Task statement »
Each word in the data below should be copied exactly; the images should not.

Source data »
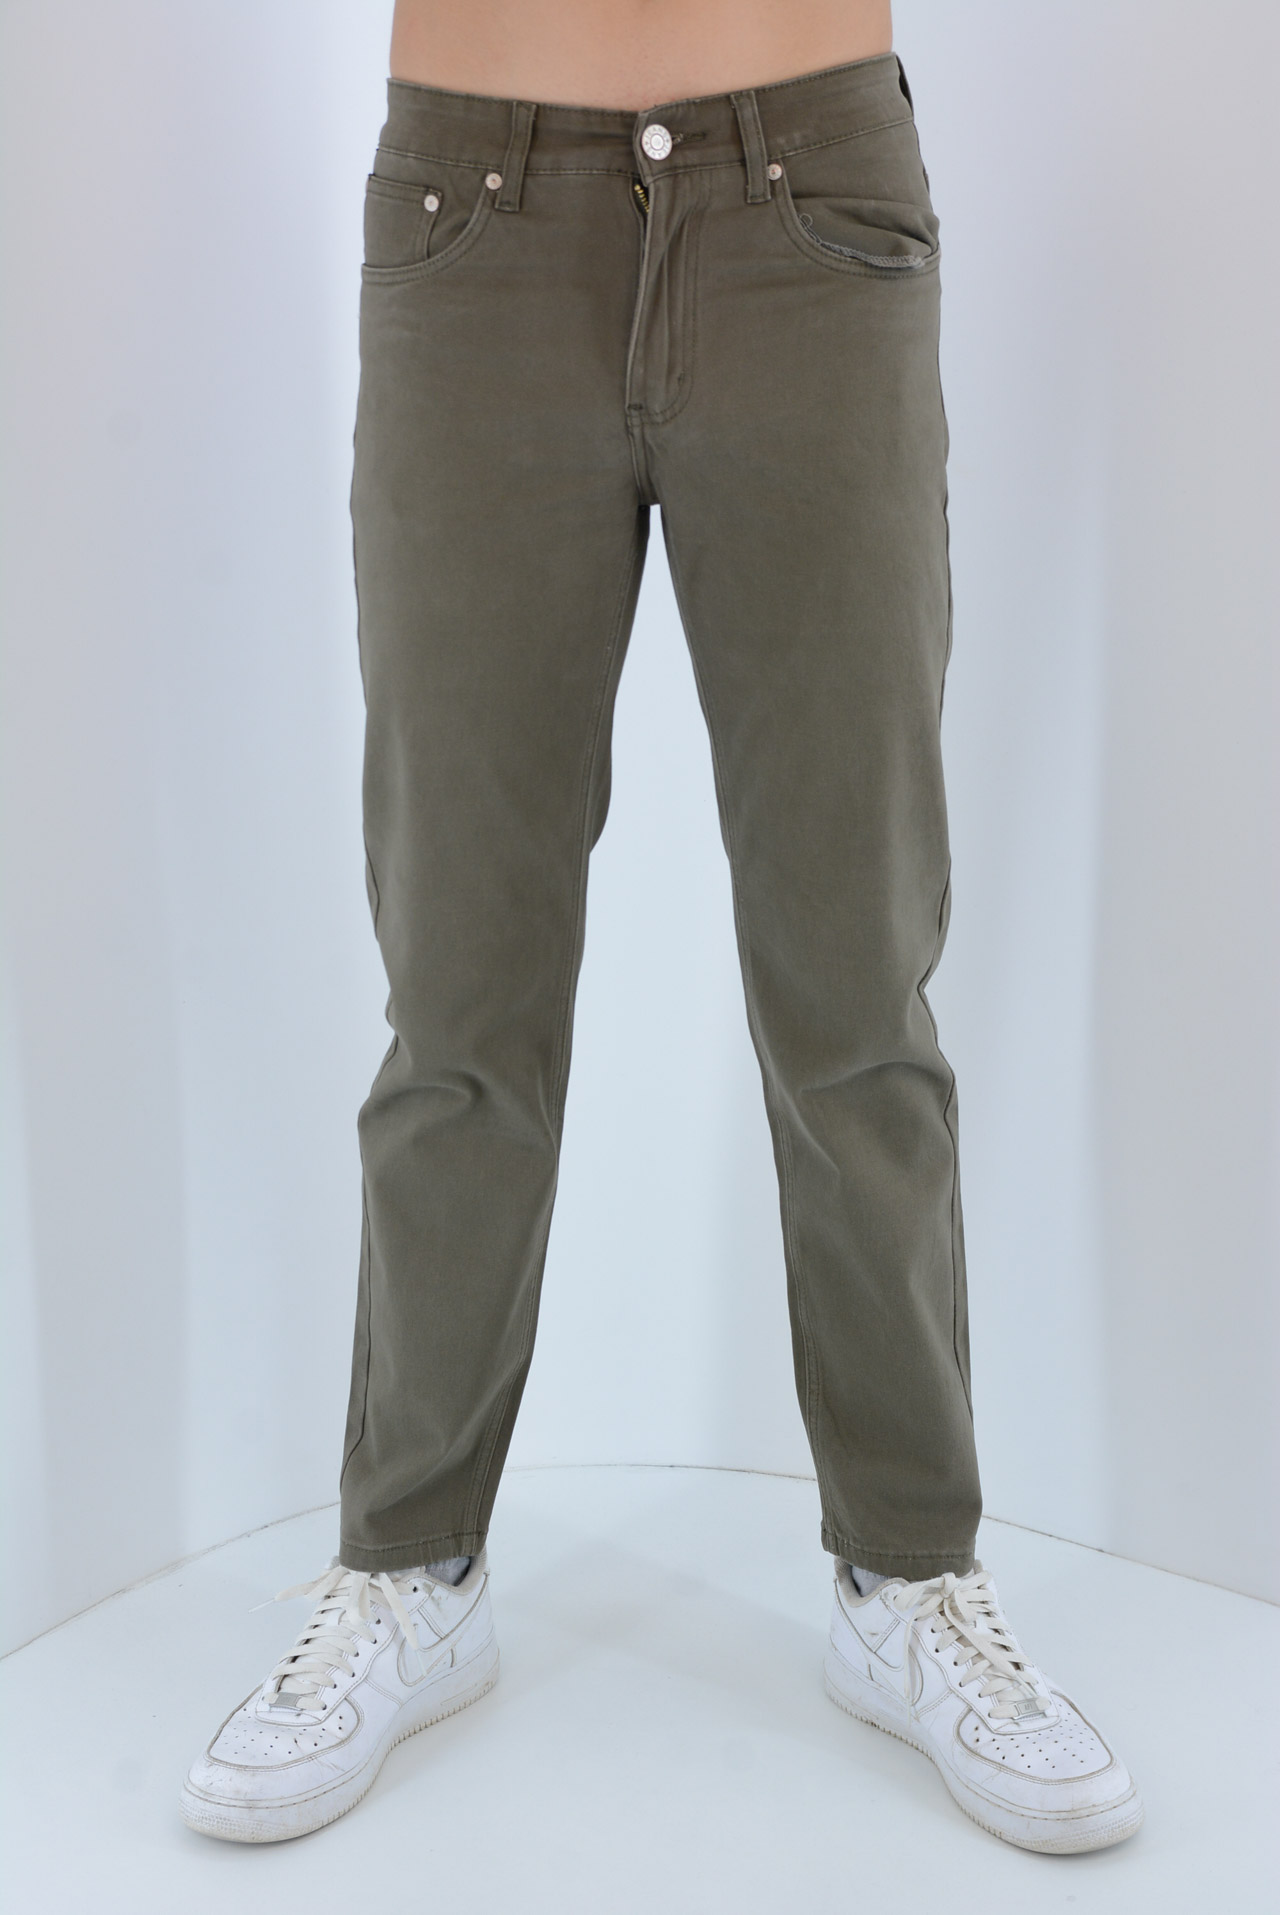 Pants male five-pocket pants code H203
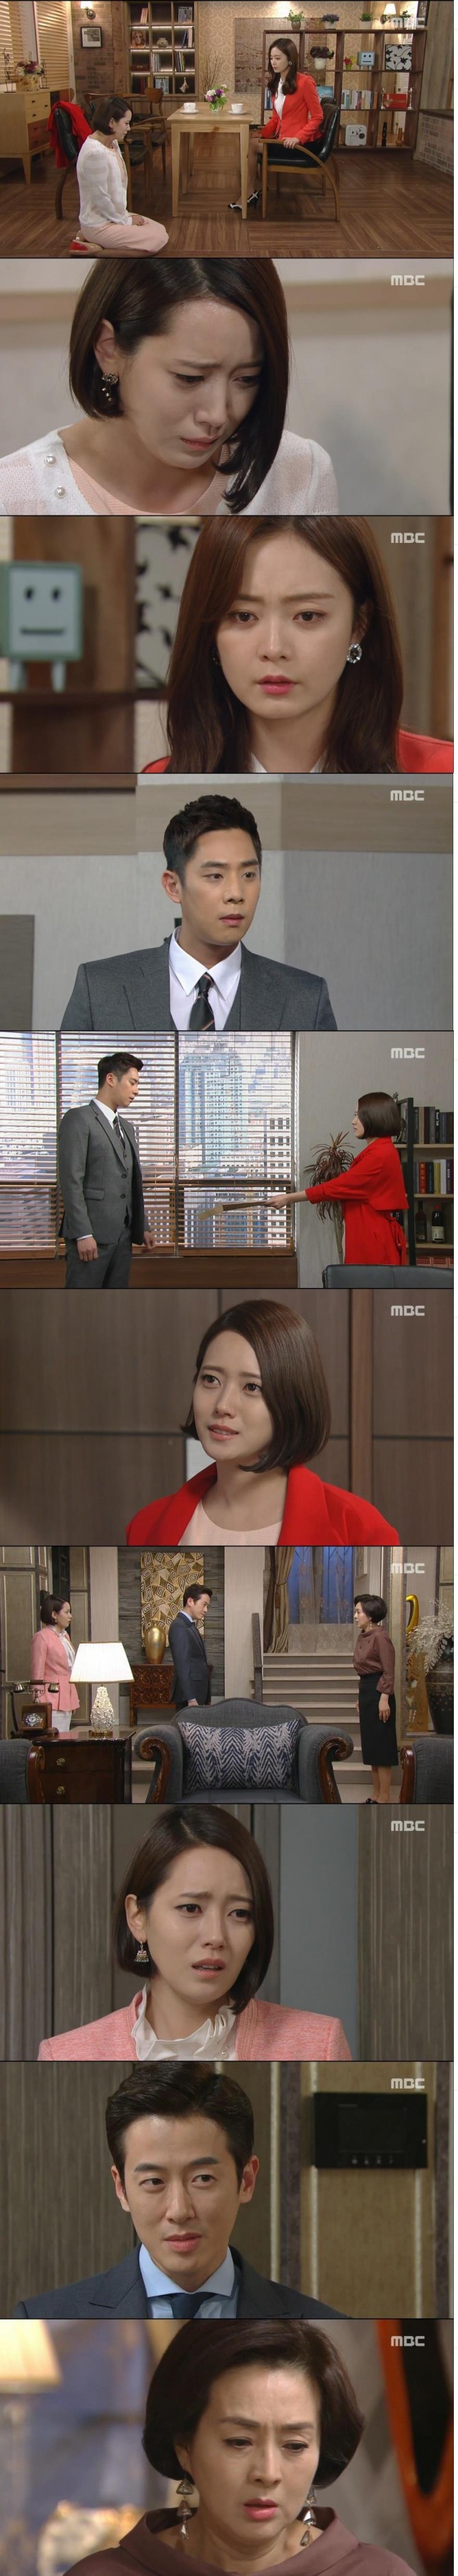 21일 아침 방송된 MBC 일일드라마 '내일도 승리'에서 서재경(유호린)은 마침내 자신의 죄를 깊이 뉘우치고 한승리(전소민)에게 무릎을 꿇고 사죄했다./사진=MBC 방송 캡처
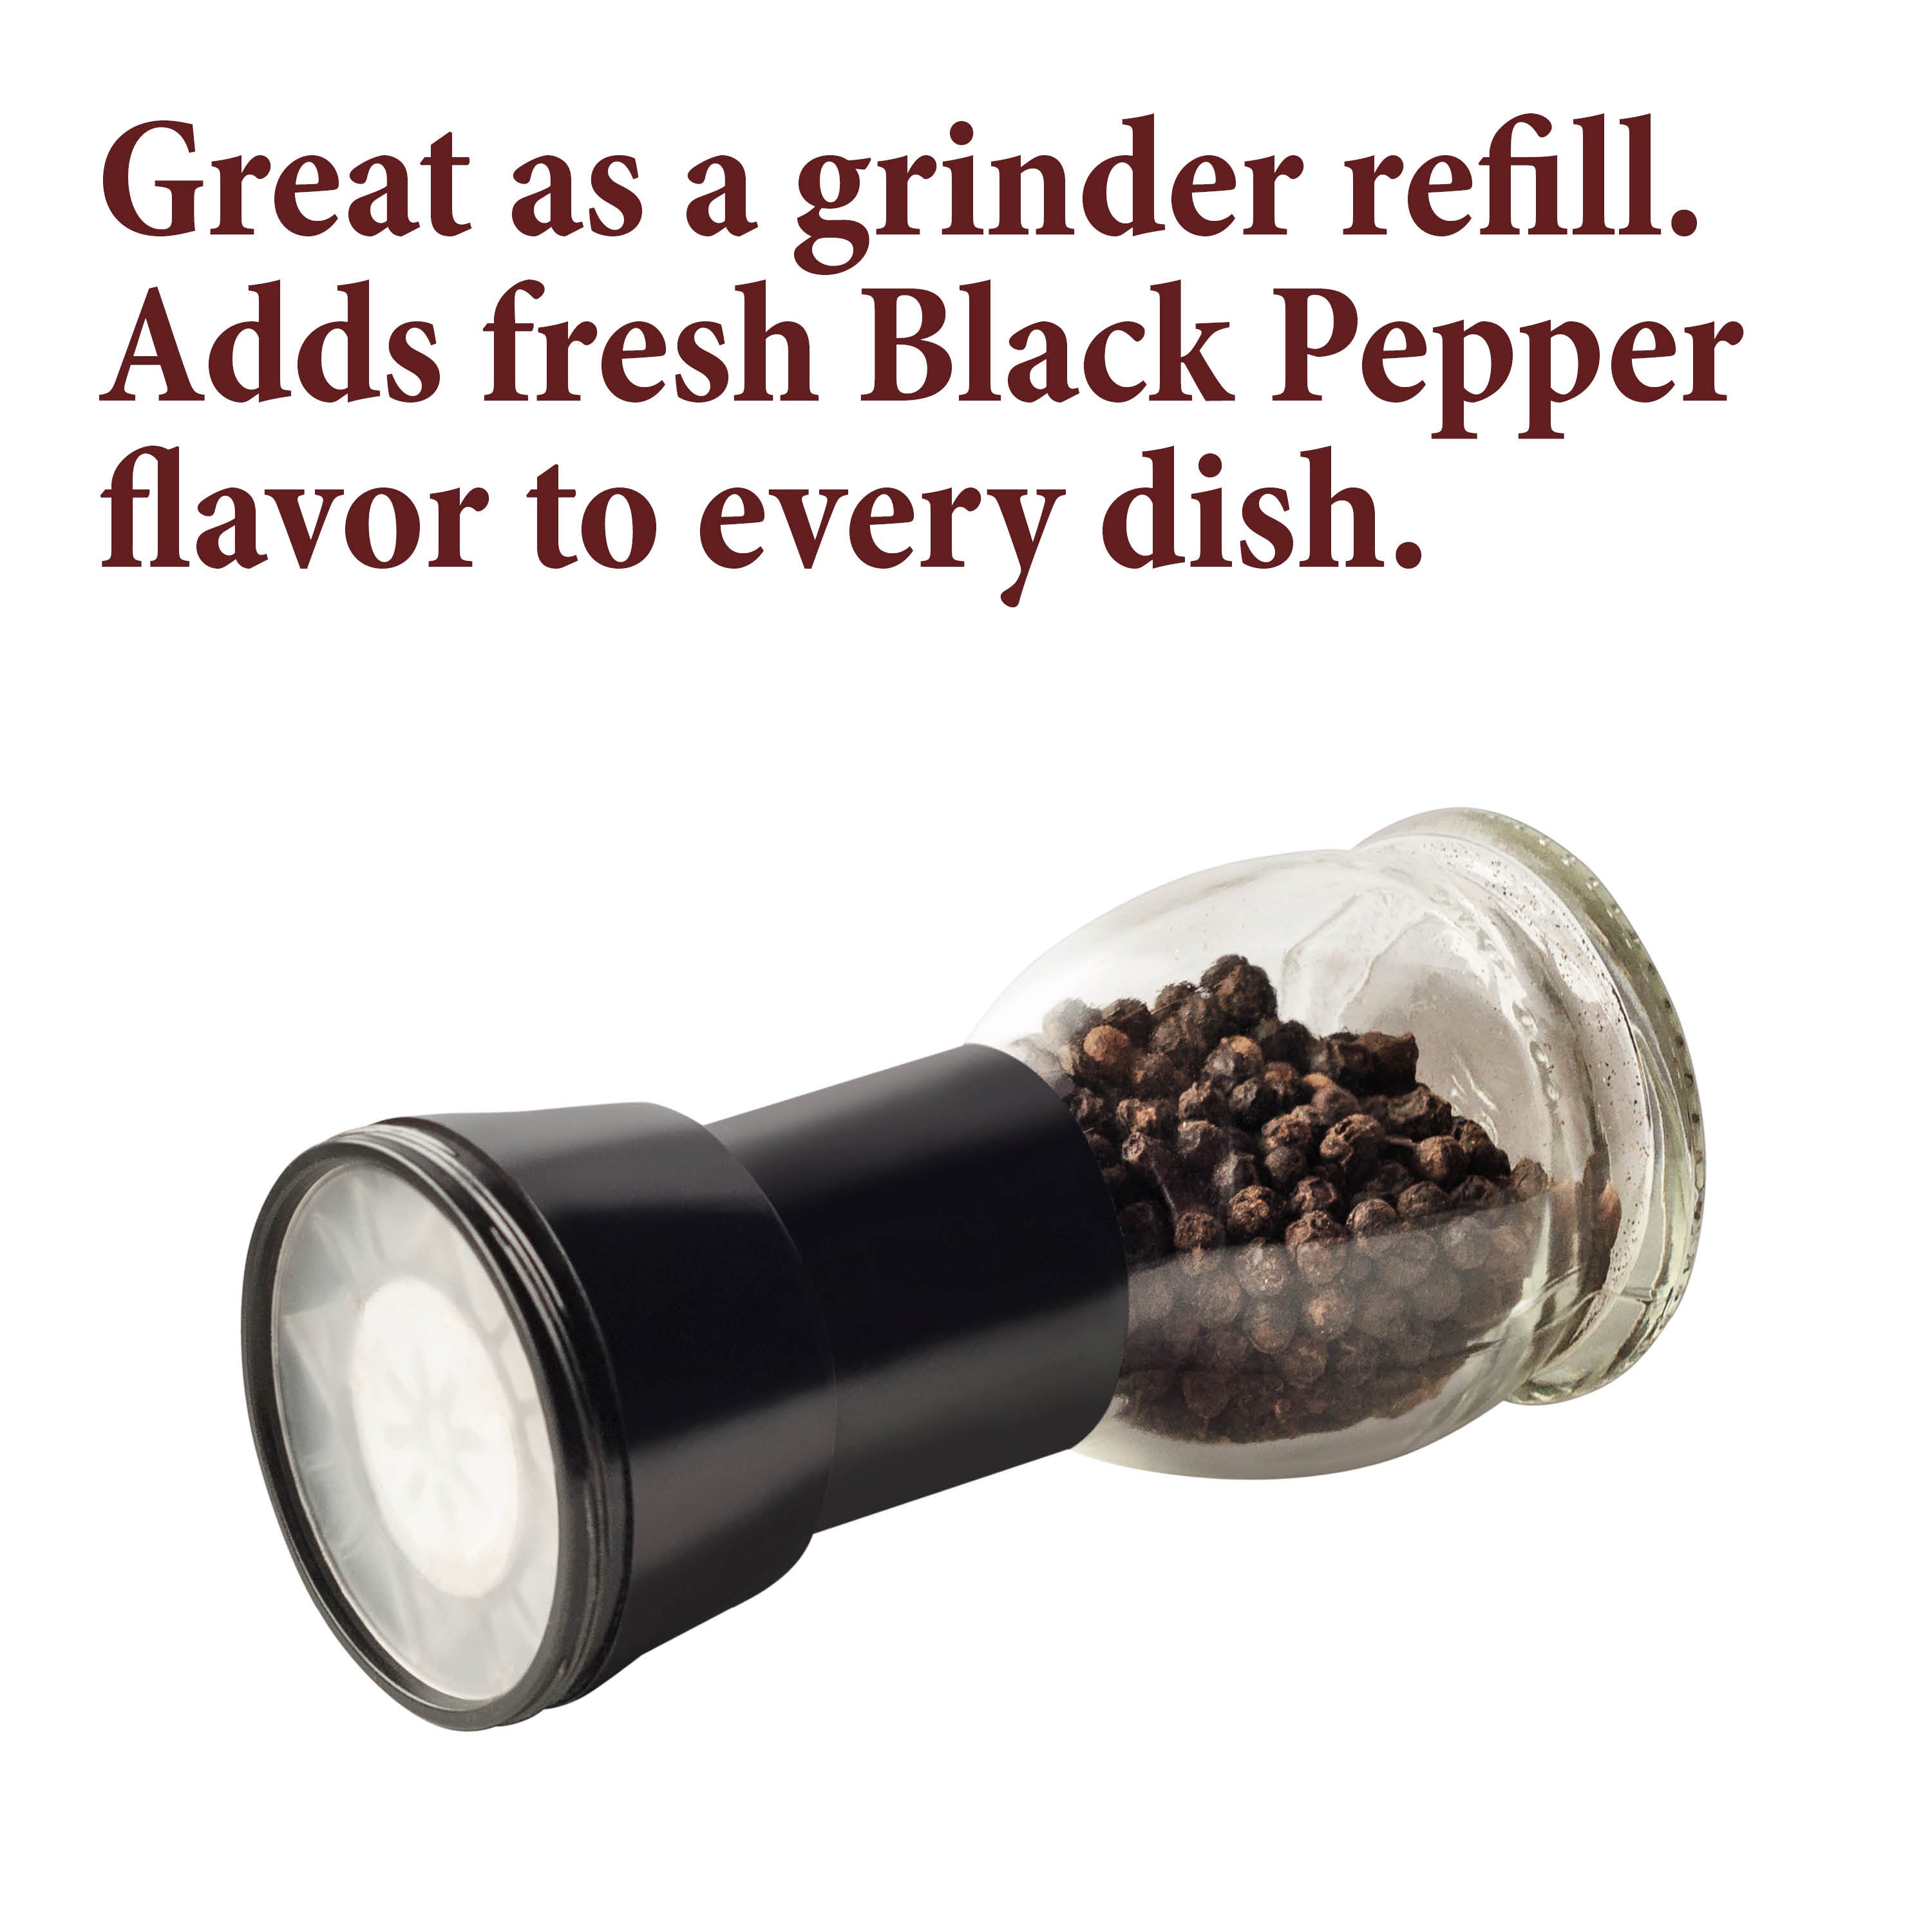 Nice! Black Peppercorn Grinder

Exercise output »
 Pants male five-pocket pants code H203
 21일 아침 방송된 MBC 일일드라마 '내일도 승리'에서 서재경(유호린)은 마침내 자신의 죄를 깊이 뉘우치고 한승리(전소민)에게 무릎을 꿇고 사죄했다./사진=MBC 방송 캡처
 Nice! Black Peppercorn Grinder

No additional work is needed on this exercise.